Uma mulher brasileira
É a Sonia Balbino, 42 anos, paraibana quem conta. Aos 6 anos começou a trabalhar na roça às 4 da manhã, estudar à tarde e à noite cair na cama morta de cansaço. Ela, os pais e mais os outros 5 irmãos, 2 meninas e 3 meninos. A roça fazia parte de uma fazenda maior que era dividida entre os agricultores que depois davam metade do que colhiam para o dono das terras. Normal por lá. No final de semana Sonia trabalhava com a mãe e as irmãs nas terras ao lado da casa.
A casa era boa, grande segundo a lembrança dela, e o que entrava de dinheiro do trabalho do pai nas terras do dono sumia na compra de comida pra família. De vez em quando, se sobrasse, comprava um porco, uma ovelha, mas na mesa, arroz, feijão, queijo e farinha. Nada de carne. Carne era coisa de rico. A relação com a família, tirando a irmã que batia nela para que ela trabalhasse na casa depois de um dia inteiro na roça era boa.
Sonia trabalhou em vários lugares. Na roça, negociando o que conseguia, fazendo pequenos serviços, ajudando as pessoas. Todo mundo gostava dela. Também, uma pessoa como ela que ajudava todo mundo. A vida era aquilo mesmo. Para ela, se você trabalhasse muito conseguia mais. Se estudasse, conseguia mais ainda. Não era nem obra divina, nem exploração do homem pelo homem. Era a vida.
Os dias e noites na roça ajudavam. Ela se esforçava e colhia mais algaroba. Comia o que sobrava. Era docinha. O resto ia pros animais. A família dela era uma das muitas que o dono das terras dividia a colheita. Ele ficava com 50 % e convidava os agricultores, às vezes, para comer, um jantar com a família na tentativa de uma convivência conveniente.

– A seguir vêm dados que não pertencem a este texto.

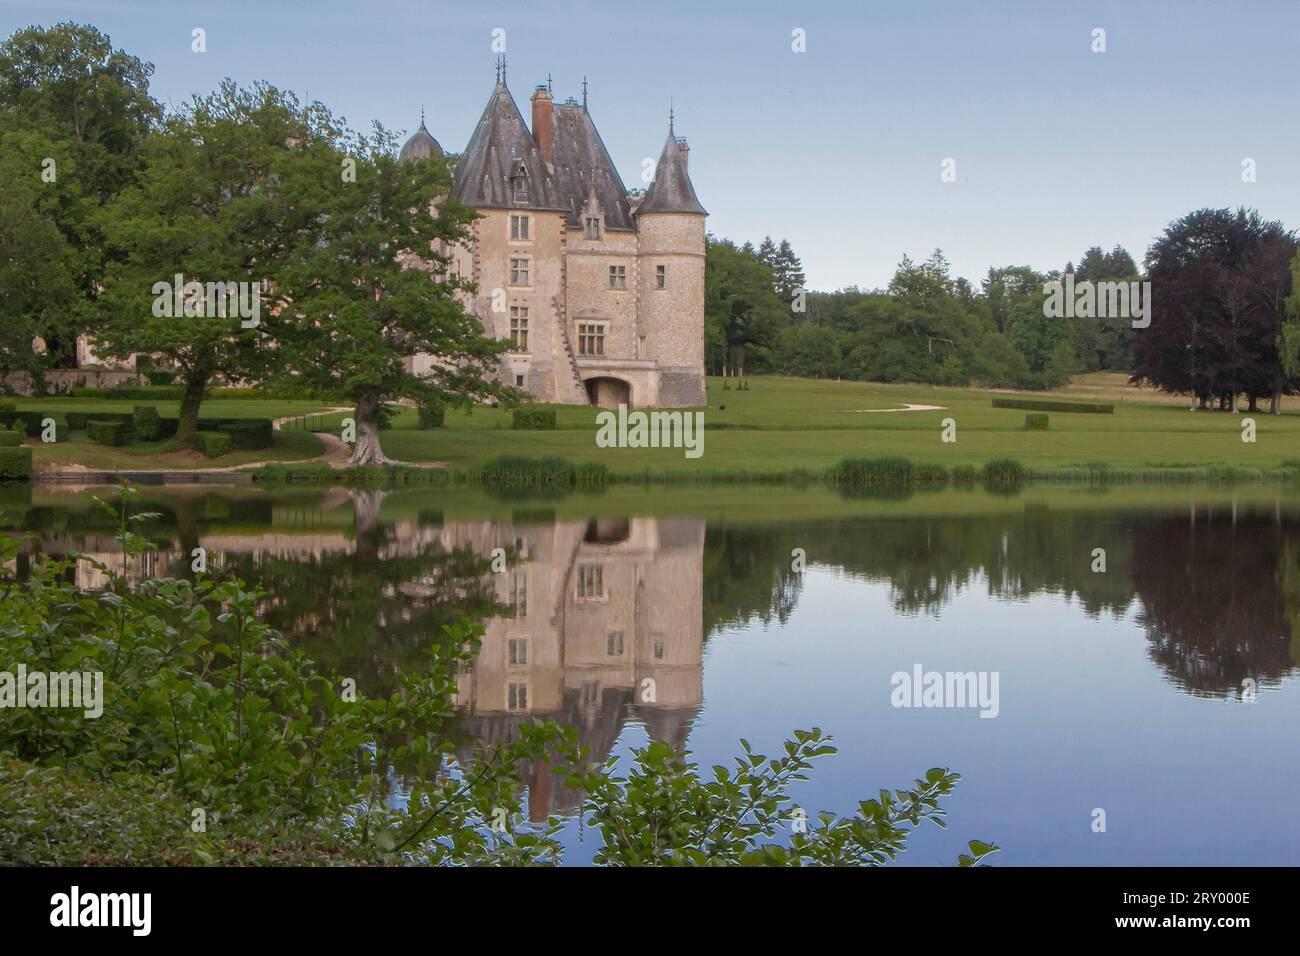 Loire, France -19 juin 2019 - réflexion dans un lac d'un beau château de conte de fées et de verdure environnante Banque D'Images

Sonia também trabalhou com o pai. Iam de bicicleta na segunda cedo para o meio da roça e passavam por lá a semana toda, até sexta quando voltavam pra casa.Por vezes foram e voltaram a pé. Dava quase 2 horas caminhando. Sonia preferia ir correndo até ralar o pé. Parava, bebia água no caminho e seguia. O pai chegava depois. Dormiam numa barraca improvisada embaixo de uma árvore. Às vezes, a tia que era a dona das terras, os chamava para dormir na casa pra não ficar ali junto com os trabalhadores.
Sonia lembra de tudo e conta com alegria. Era sofrido, mas as lembranças são boas. Quando o irmão veio para a cidade grande elas se animaram. Pegaram as poucas coisas e também vieram. Sonia veio para o Rio antes da virada do século. Ganhava 150 reais por mês. Era muito bom. Basicamente um salário mínimo. Mas foi como ela fez a vida. Trabalhando, mandando dinheiro pra família na Paraíba e melhorando, aos poucos, de vida. Comprou uma casa por lá, com a ajuda de um amigo que emprestou o dinheiro. Melhorou a casa que ficou alugada até este mês quando ela pega de volta e vai colocar a mãe para morar nela. A vida pela vida. O tempo que passa, as alegrias e as boas lembranças você vai tirando do que você consegue.
Sua capacidade de transformação, sua persistência, sua vontade. É um jeito doido de viver, mas é assim que consegue, quem consegue, esse povo de meu deus que habita o Brasil. Sonia vai uma vez por ano à Paraíba. Viaja de avião e passa por lá suas férias. O descanso trabalhando de quem já trabalha por aqui na cidade grande como diarista, esperta, dona de uma sabedoria que poucos tem. Sônia é uma mulher brasiieira.